Set down each line of the material that follows, exactly, with no pictures.

[GIVEN DATA Boundary: Start]

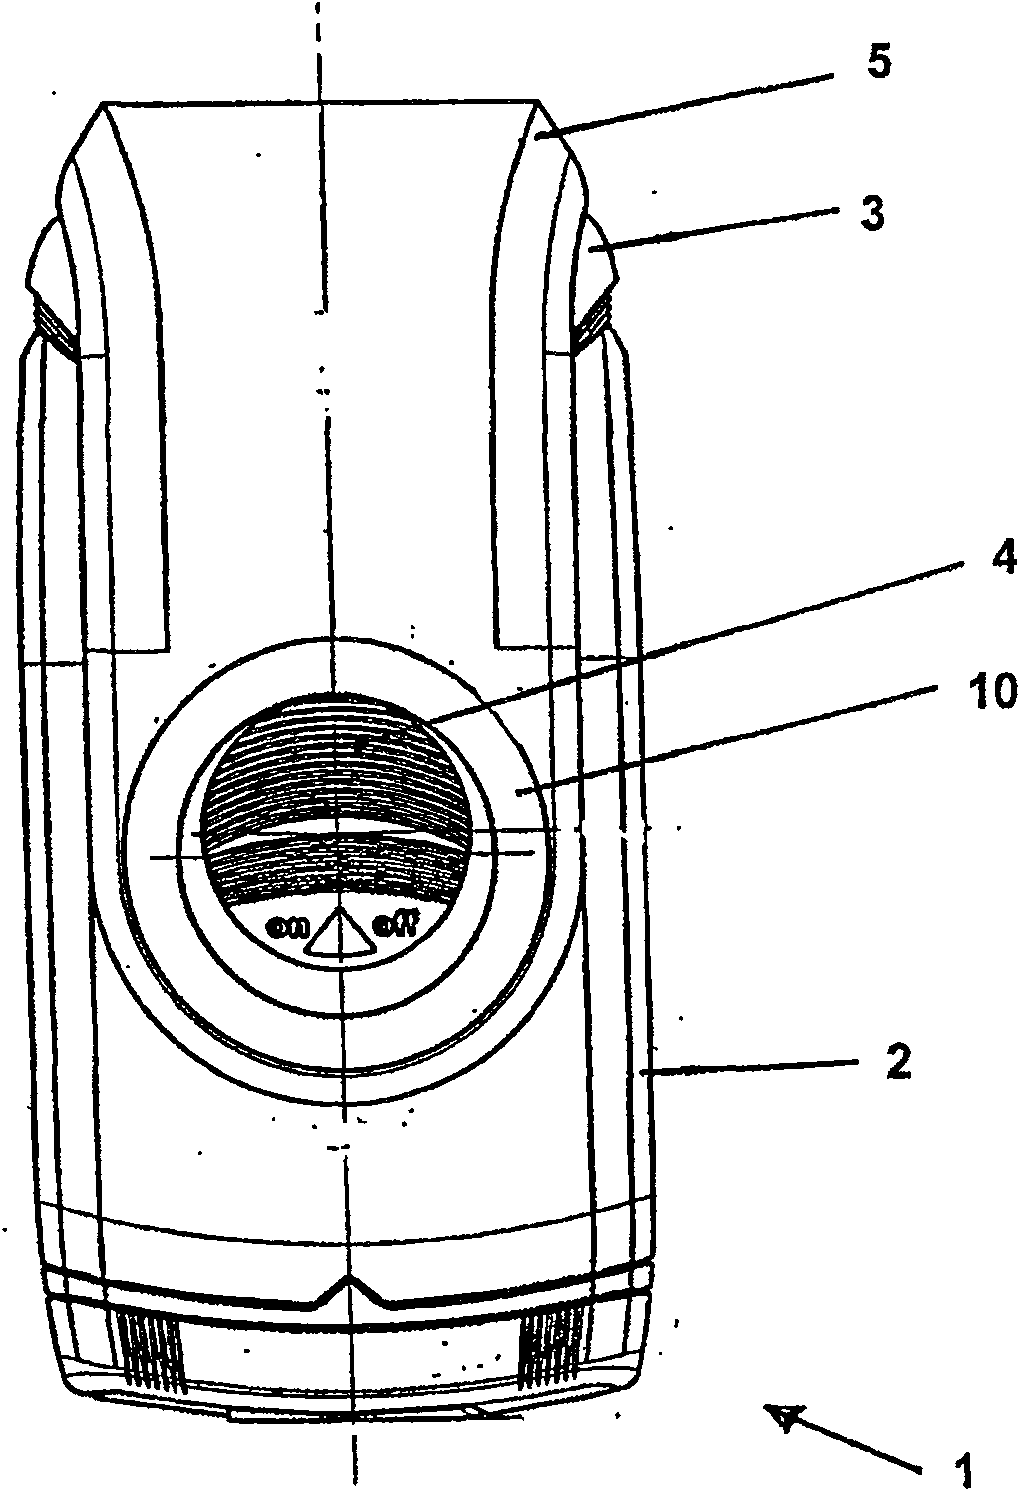 Electric hair-removing device
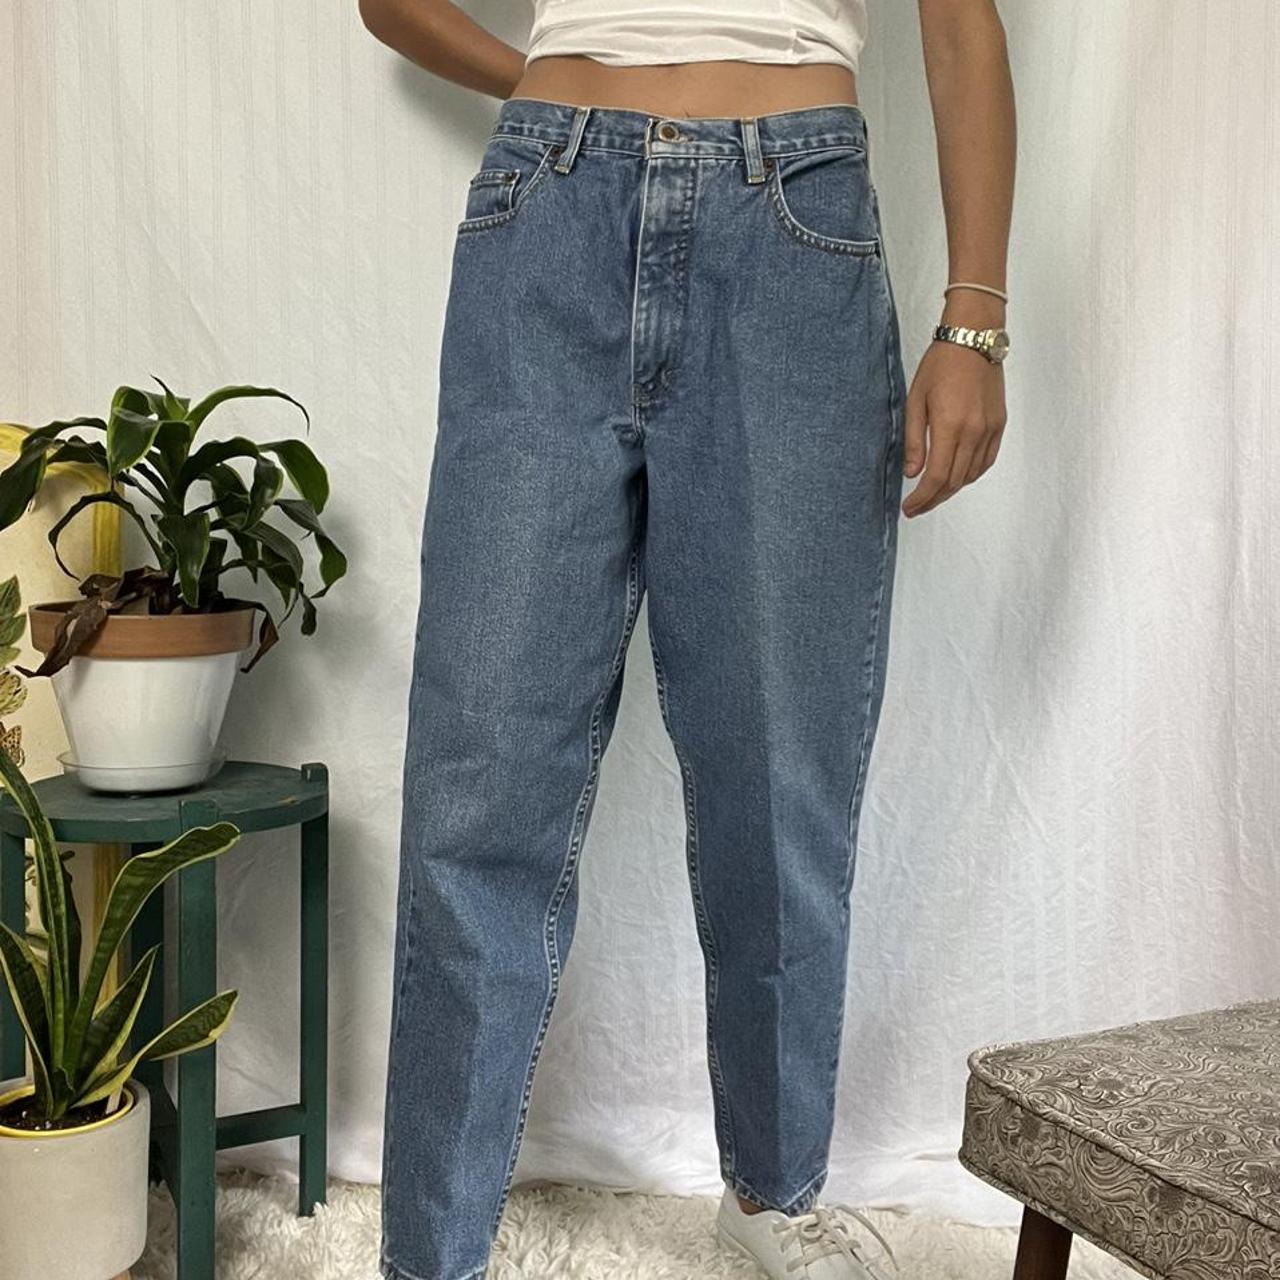 Vintage High-waisted Mom Jeans Relaxed Fit by Route... - Depop
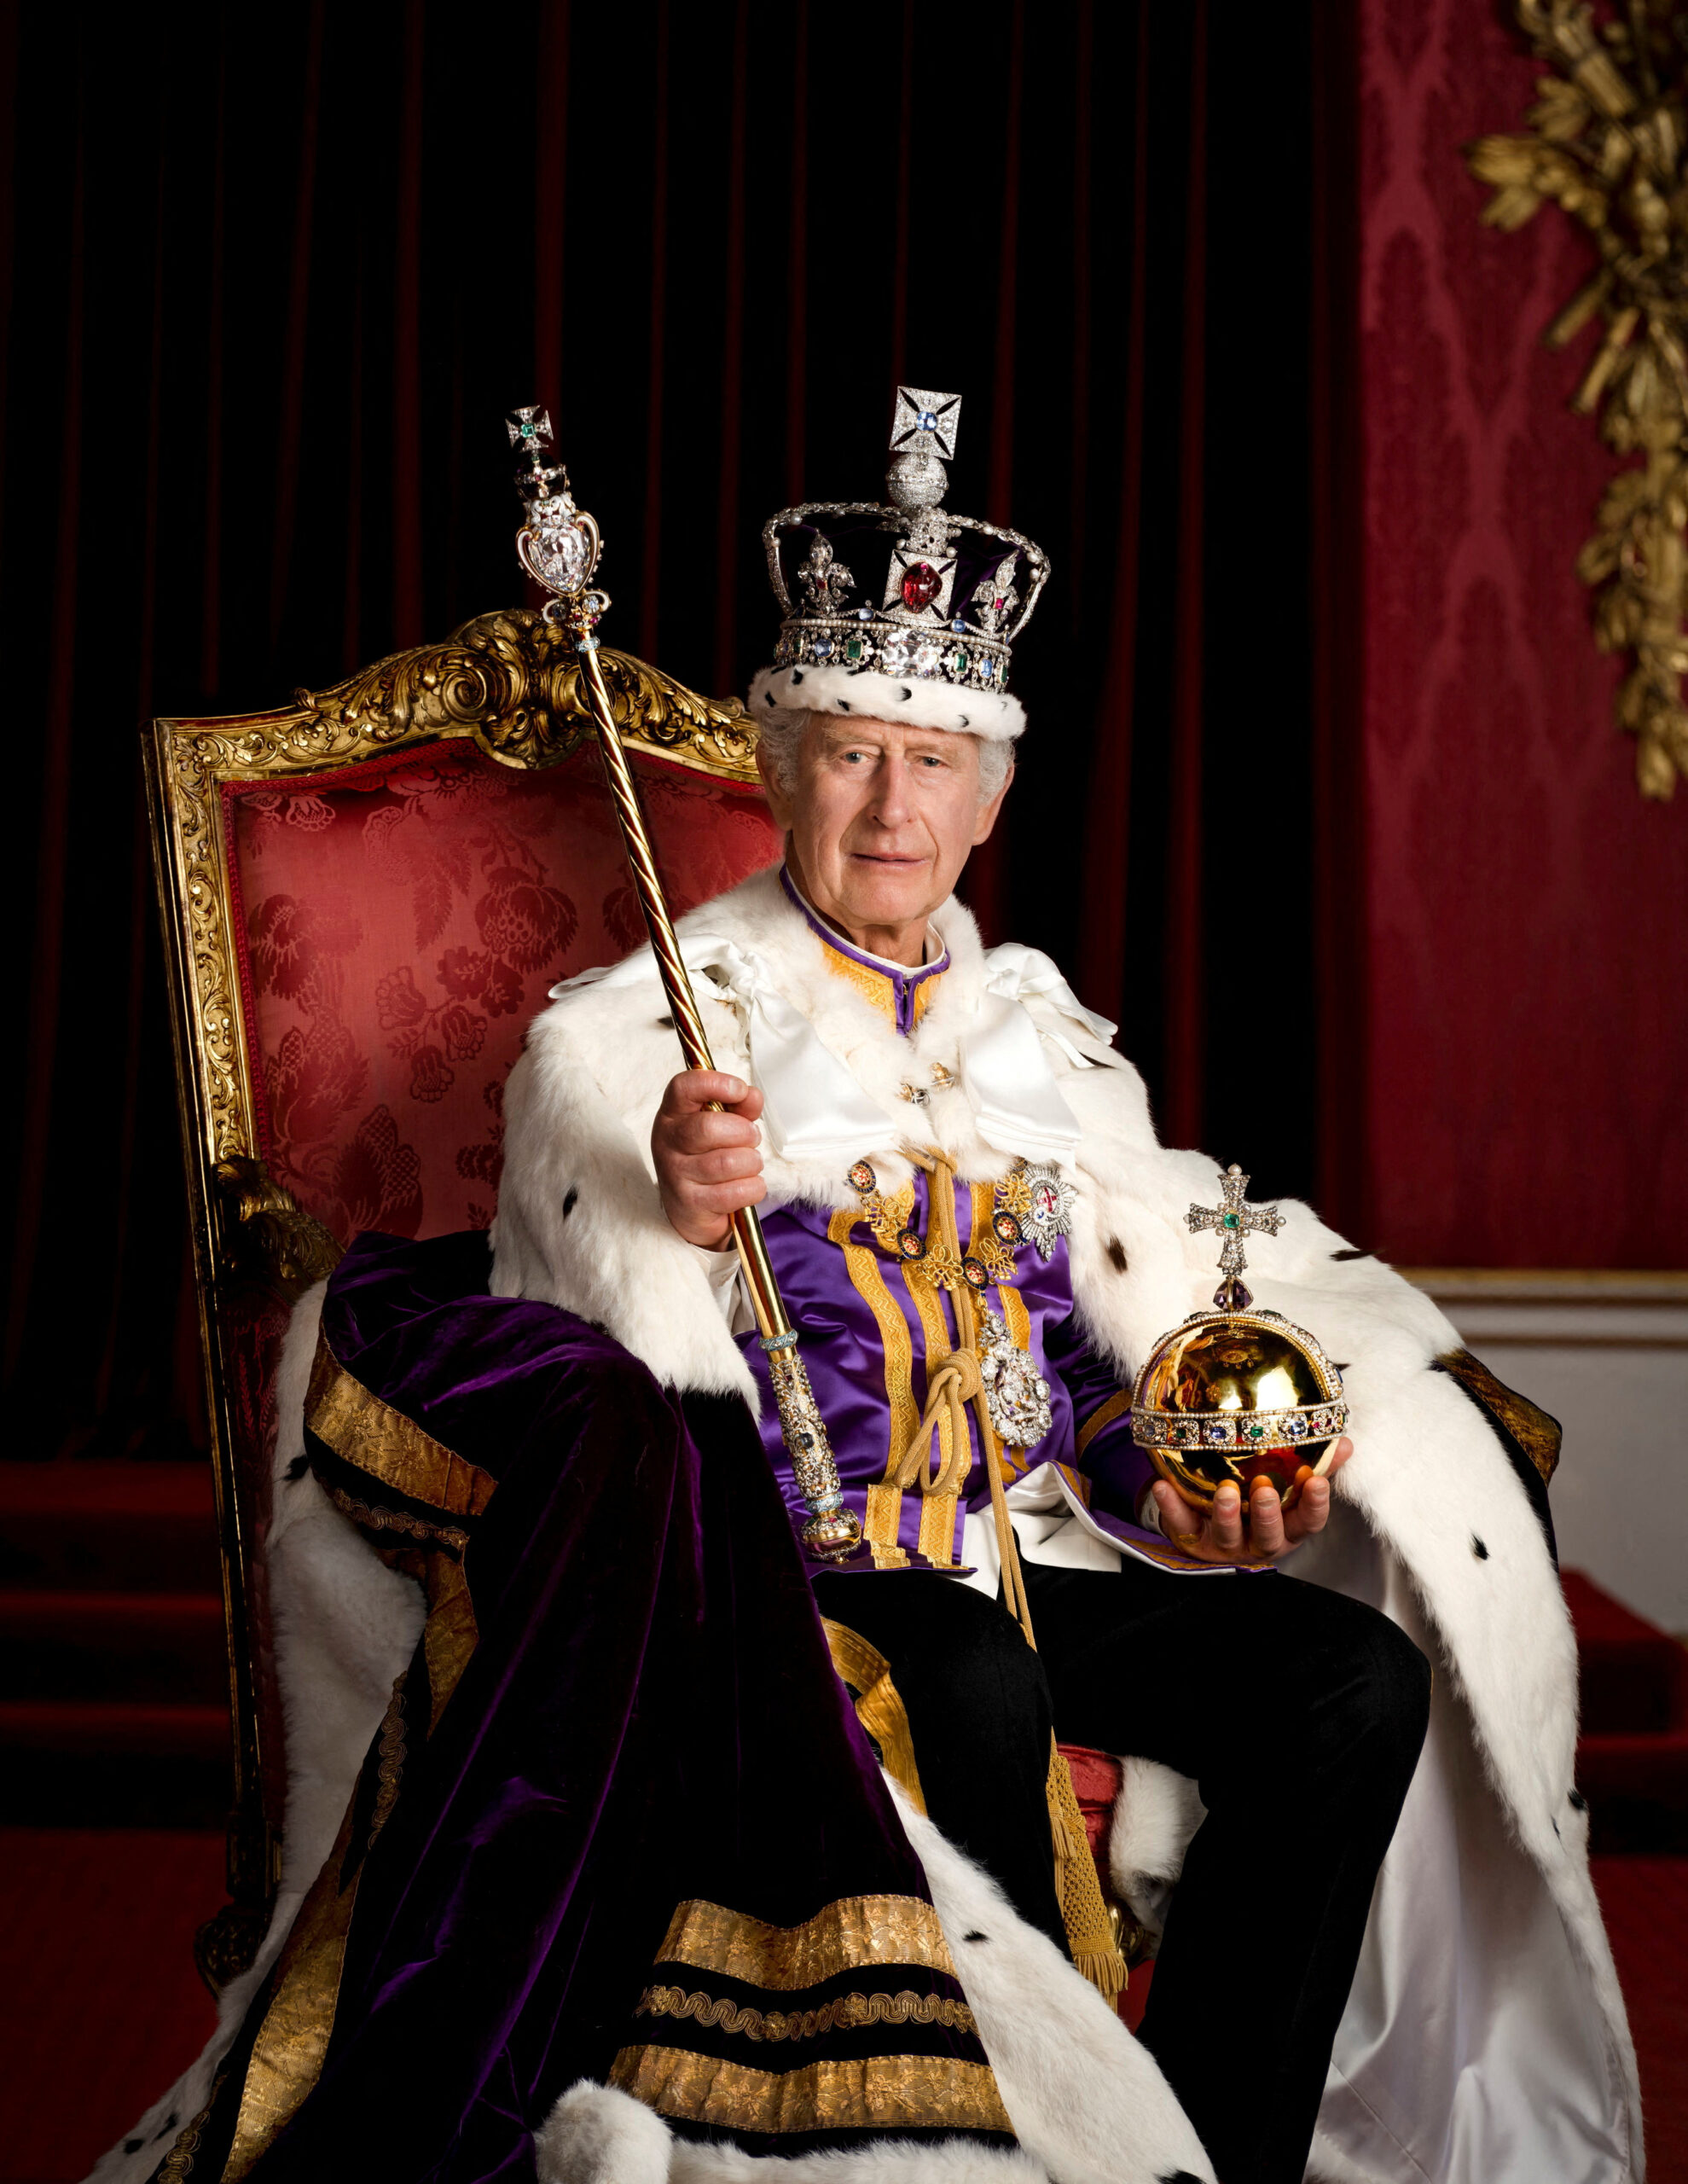 The official Australian site for King
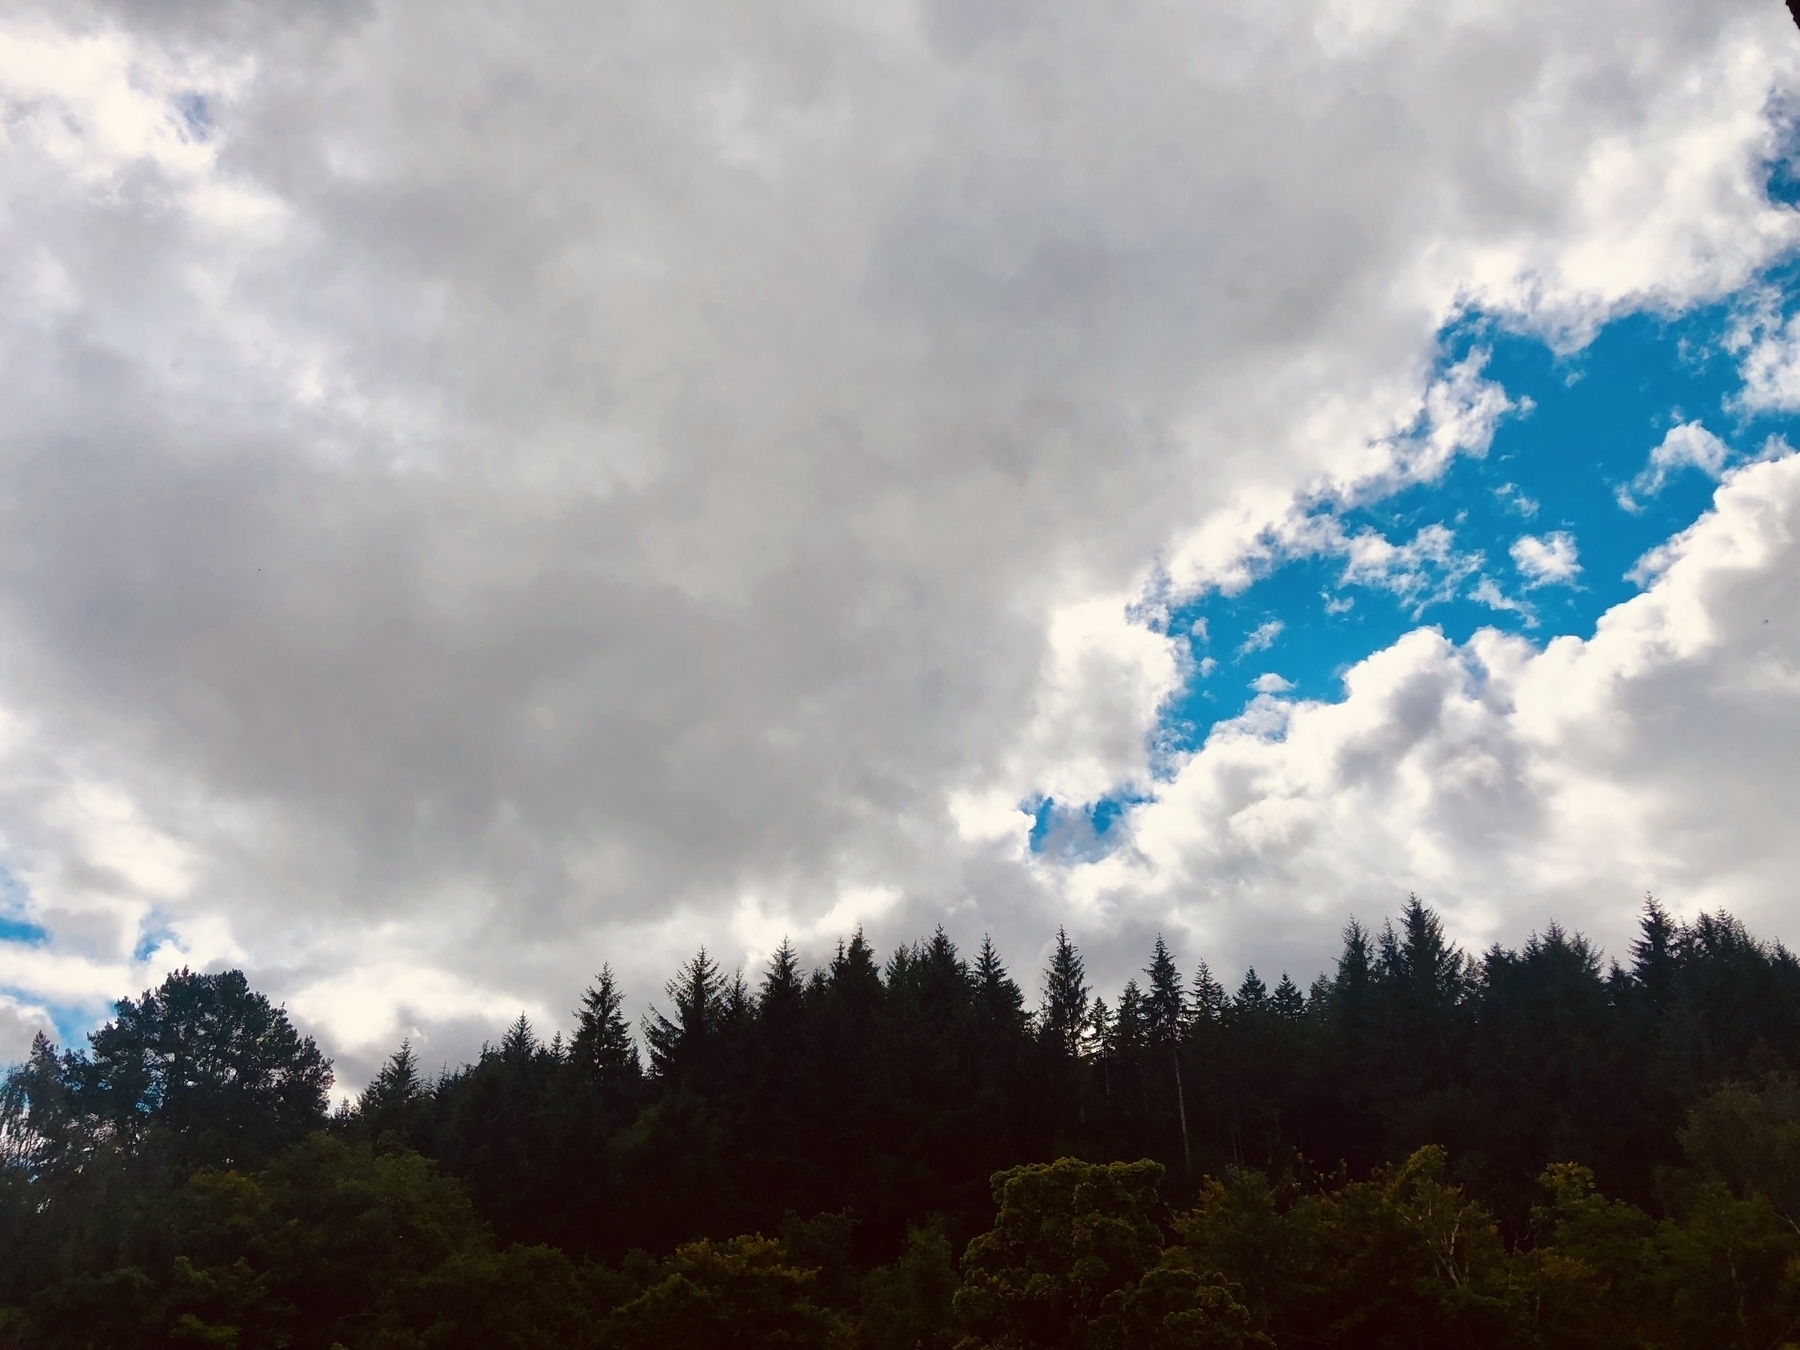 Clouds and pine trees

[GIVEN DATA Boundary: End]

RESPONSE AREA
 Electric hair-removing device
 Vintage High-waisted Mom Jeans Relaxed Fit by Route... - Depop
 The official Australian site for King
 Clouds and pine trees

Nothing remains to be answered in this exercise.